The last element in the bullet list above, deconstruction (or deconstructionism), began as a literary analysis practice popularized by Jacques Derrida in the 1960s and 70s. It is based on the idea that meaning is always uncertain, is non-objective, and that it is not the task of the literary critic to illuminate meaning in a given text – each individual can determine what something means for himself. In other words, meaning and value are subjective and relative. It exemplifies the cliche, “beauty is in the eye of the beholder”. This is tame enough, and even justified and empowering, when not taken to extremes. But with Derrida, all external meaning becomes irrelevant, if not altogether non-existent. Derrida began with the established concepts of “the signified” and “the signifier”. An idea (the signified) is represented by a sign or word (signifier), and the signifier can never be the same as the signified. Derrida extended this, introducing an infinite series of signifiers referring to other signifiers, none ever settling on a firm "signified" entity. Because deconstructionism questions order and certainty in language and what language attempts to represent, its opponents view it as an intellectually obscure, negative cultural and philosophical critique – it tears down, but does not build anything to replace what it destroys. Initially considered elitist, nihilistic, and subversive to humanistic ideals, deconstructionism has been much debated in academic circles. It has gained more widespread acceptance, although it still remains, to an extent, a radical and controversial way of analyzing texts. Its critics deride it as being intentionally abstruse and recondite, full of obfuscation, and riddled with pretentious blather.

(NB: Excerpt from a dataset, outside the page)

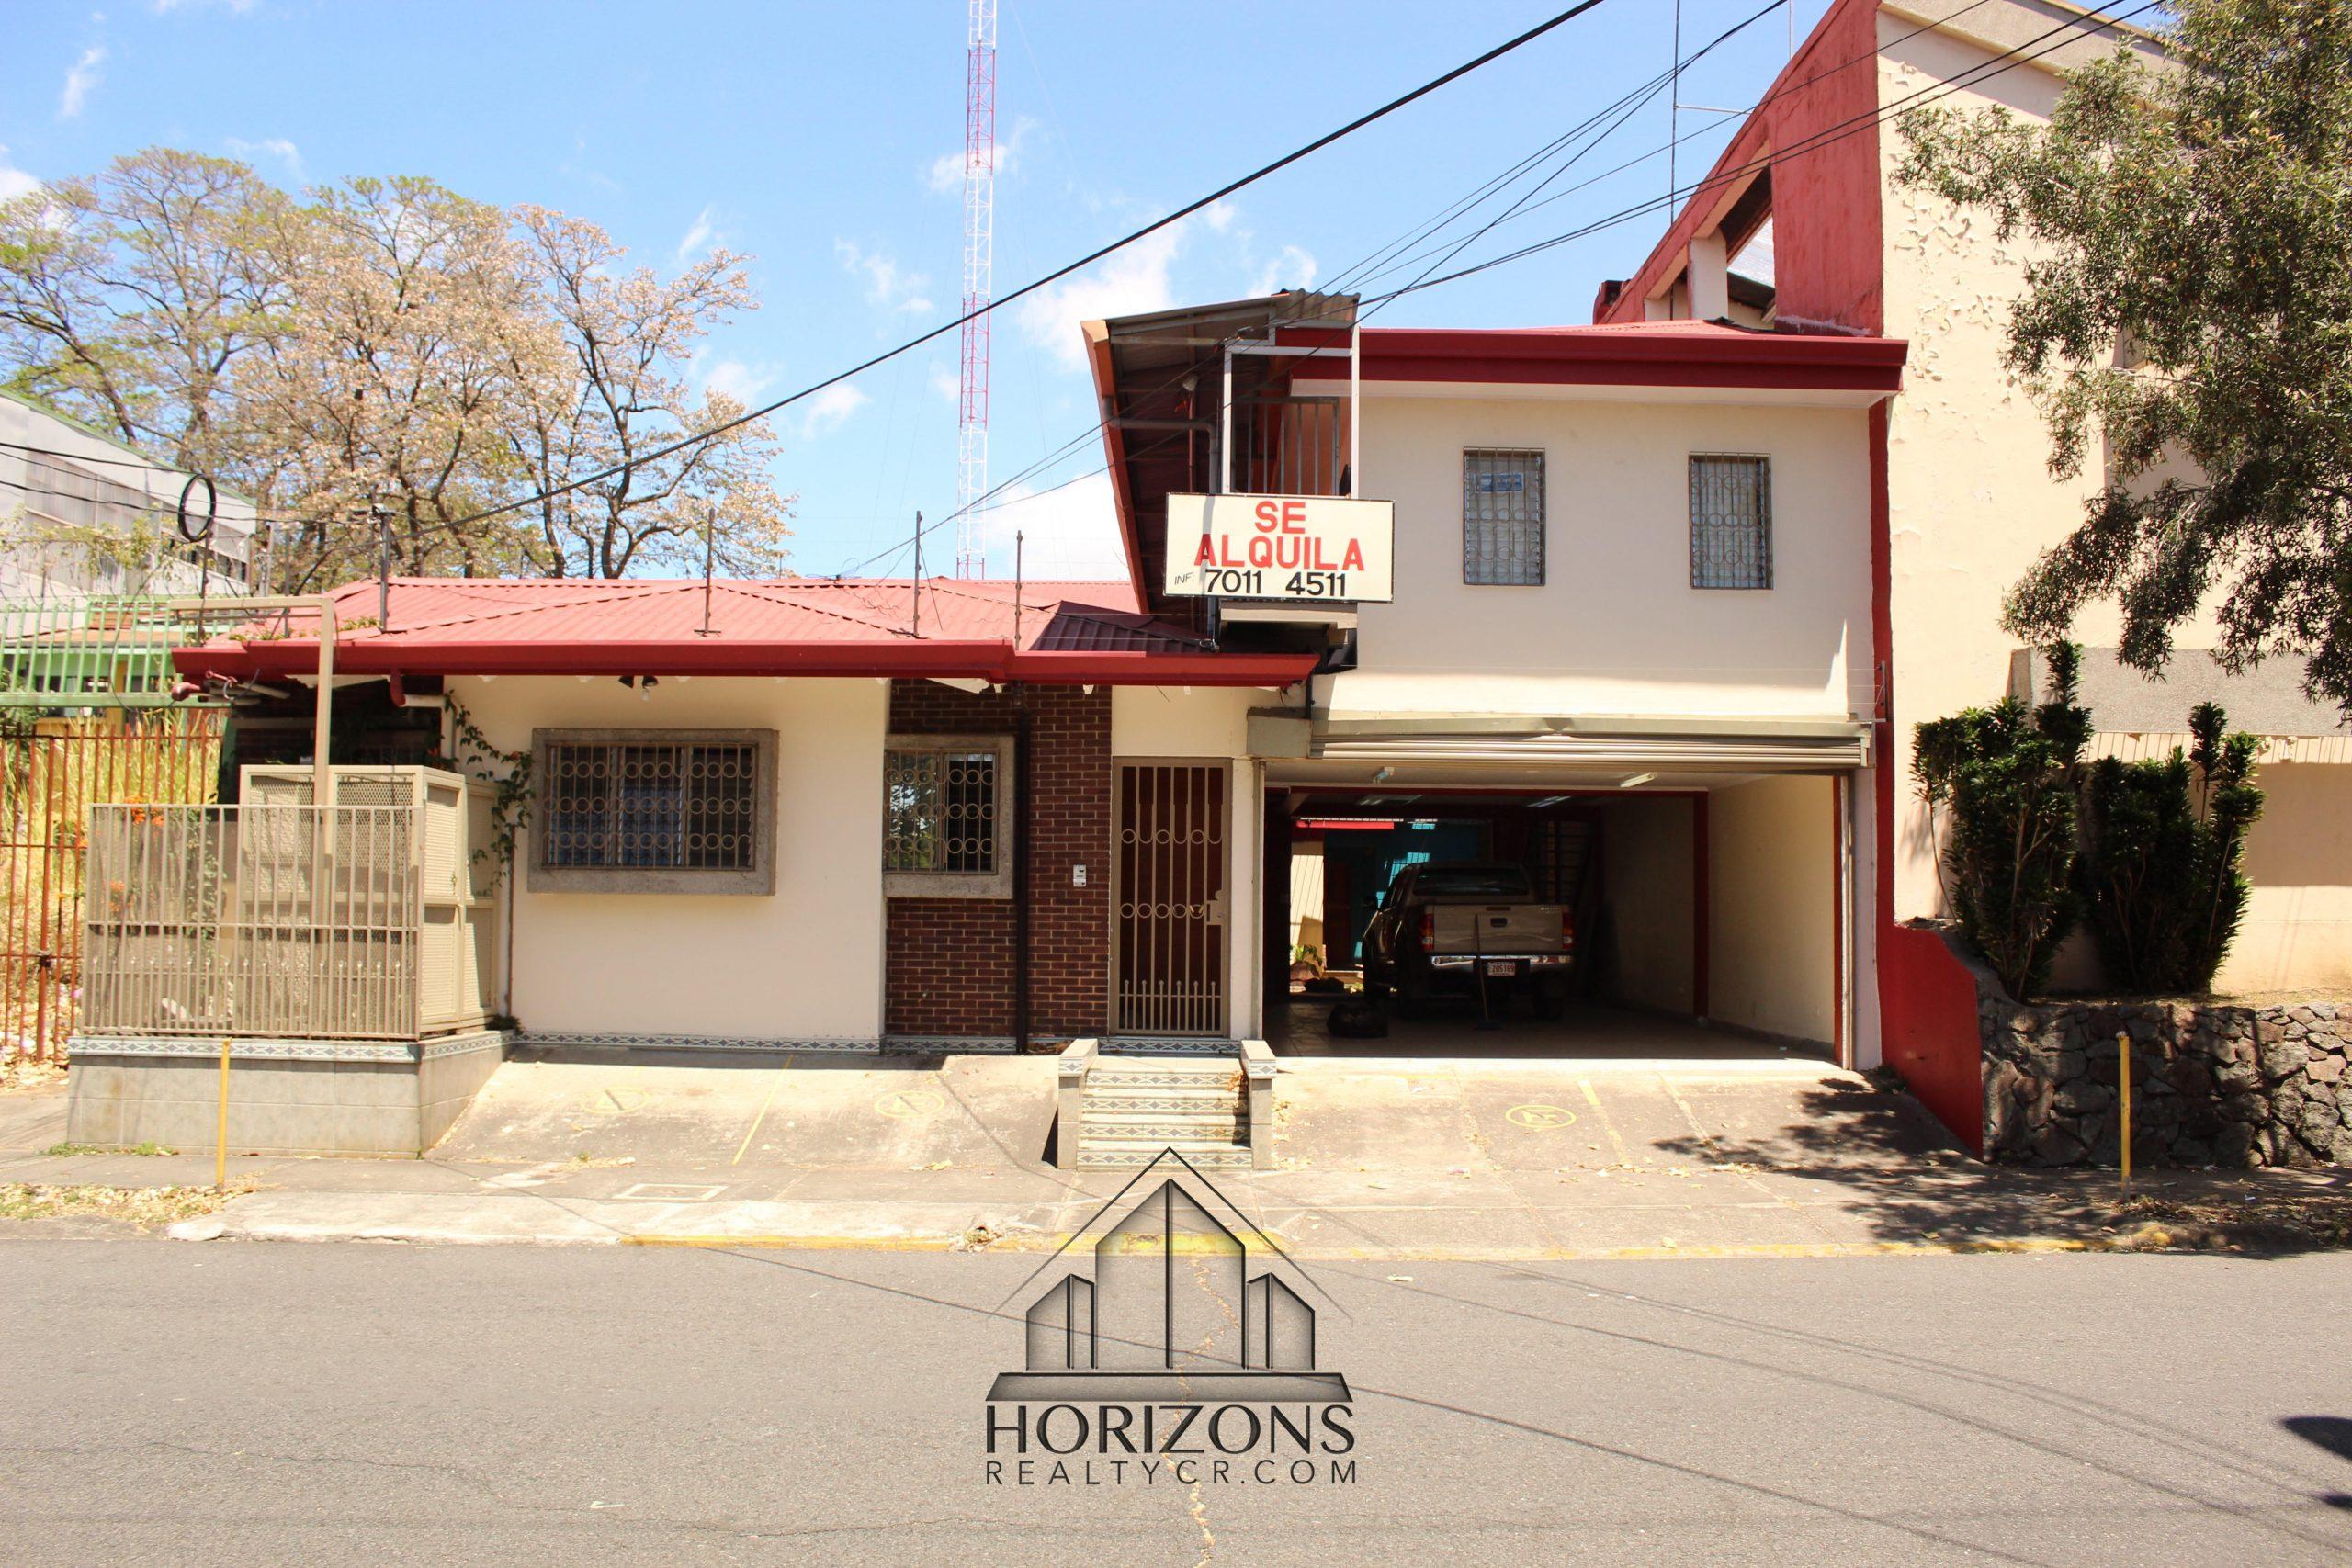 CASA PARA USO DE OFICINA EN SABANA NORTE ALQUILER 420M2

In one famous incident (the "Sokal affair") a physicist intentionally submitted a confusing and garbled scientific article to a Deconstructionist periodical and had it published. The author, Sokal, revealed that his fake article was "a pastiche of left-wing cant, fawning references, grandiose quotations, and outright nonsense", which was "structured around the silliest quotations [he] could find about mathematics and physics" made by postmodernist academics. This event demonstrated that practically any kind of politically / socially “correct” balderdash is acceptable to the Postmodern elite, independent of its intellectual quality.
Many literary critics detest practice of deconstruction, believing that deconstructing a text robs it of meaning and ultimately destroys the value of anything it touches. To those who defend its use, the answer to this criticism might be: “How does one define value? What is meaning?” So, the rebuttal is to challenge the very question itself, and attempt to demonstrate that the question is meaningless. Instead of answering the criticism, the criticism itself is shown to be flawed. But the critics persist. They convincingly claim that deconstructionism is nihilistic, that authors like Derrida attempt to undermine the ethical and intellectual norms vital to the classical conceptions of knowledge and wisdom. They accuse Derrida and his kind of denying the possibility of actual knowledge and meaning, creating a blend of extreme skepticism and solipsism, which these critics believe harmful. Under Derrida, Postmodernism took a decidedly destructive and non-productive turn.
A major criticism leveled at deconstructionism is that its proponents seldom attack their own work in the same way; why not deconstruct deconstructionism, itself, for instance? Heaven forbid! There are also obvious limitations to which texts can be deconstructed: although some think it can apply to anything, it is hard to see how it can address mathematical or (some) scientific papers without the knowledge of these areas that most deconstructionists lack or without tackling the philosophical problems associated with them first.